# DATASET EXCERPT:
+===+
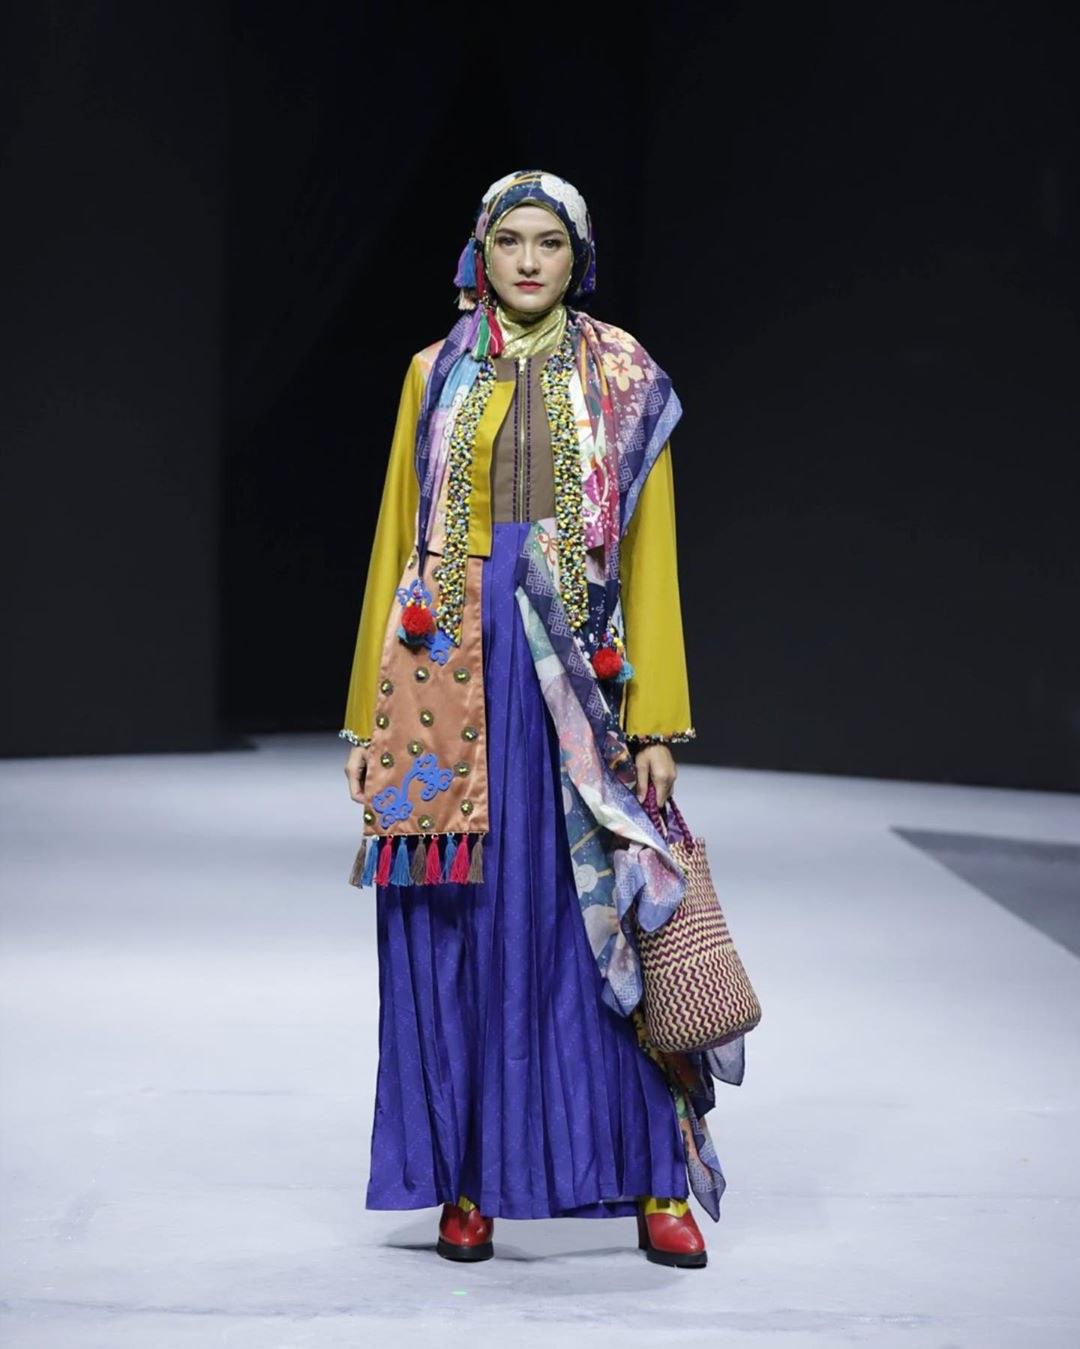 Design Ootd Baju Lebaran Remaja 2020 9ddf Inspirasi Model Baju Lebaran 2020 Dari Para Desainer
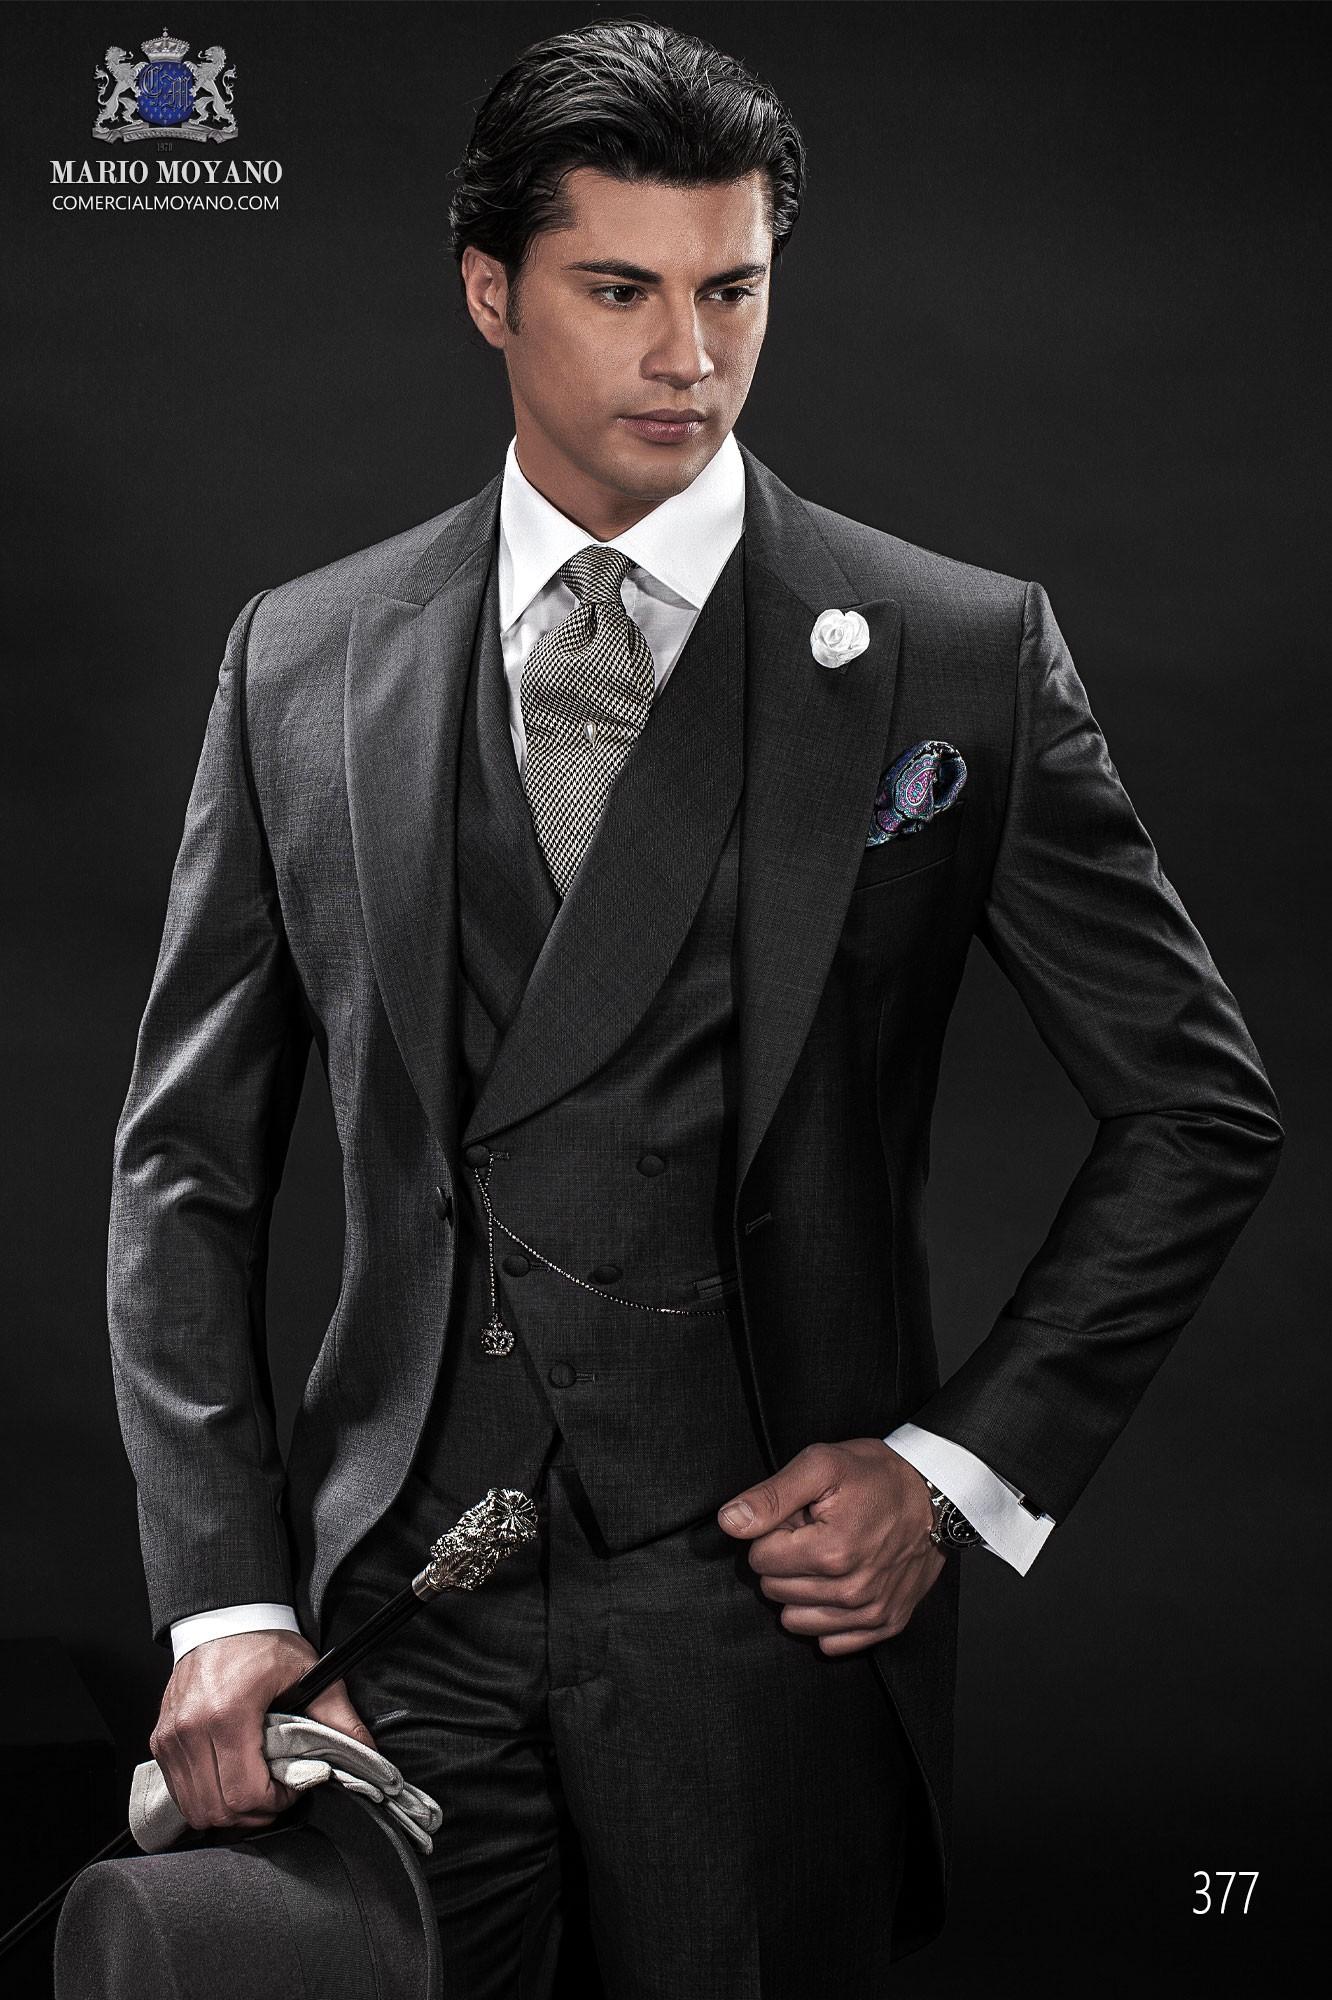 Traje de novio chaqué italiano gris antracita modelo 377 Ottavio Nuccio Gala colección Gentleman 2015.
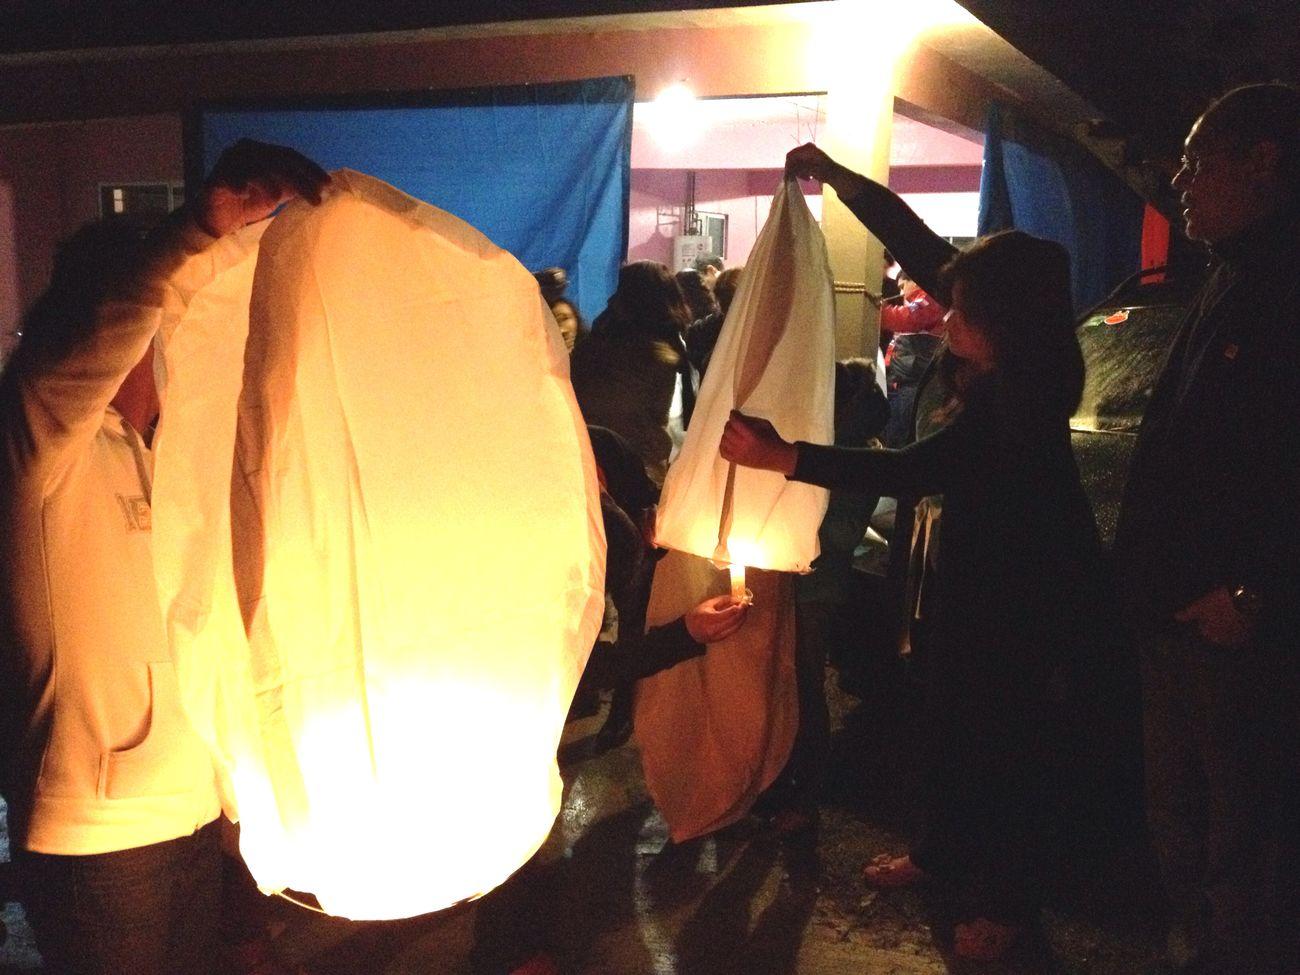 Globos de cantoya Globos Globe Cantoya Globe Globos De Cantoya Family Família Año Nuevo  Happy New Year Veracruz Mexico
+===+
# WHAT TO WORK ON:
Repeat the listing above in full, exactly, and omit its pictures.

# REPLY:
 Design Ootd Baju Lebaran Remaja 2020 9ddf Inspirasi Model Baju Lebaran 2020 Dari Para Desainer
 Traje de novio chaqué italiano gris antracita modelo 377 Ottavio Nuccio Gala colección Gentleman 2015.
 Globos de cantoya Globos Globe Cantoya Globe Globos De Cantoya Family Família Año Nuevo  Happy New Year Veracruz Mexico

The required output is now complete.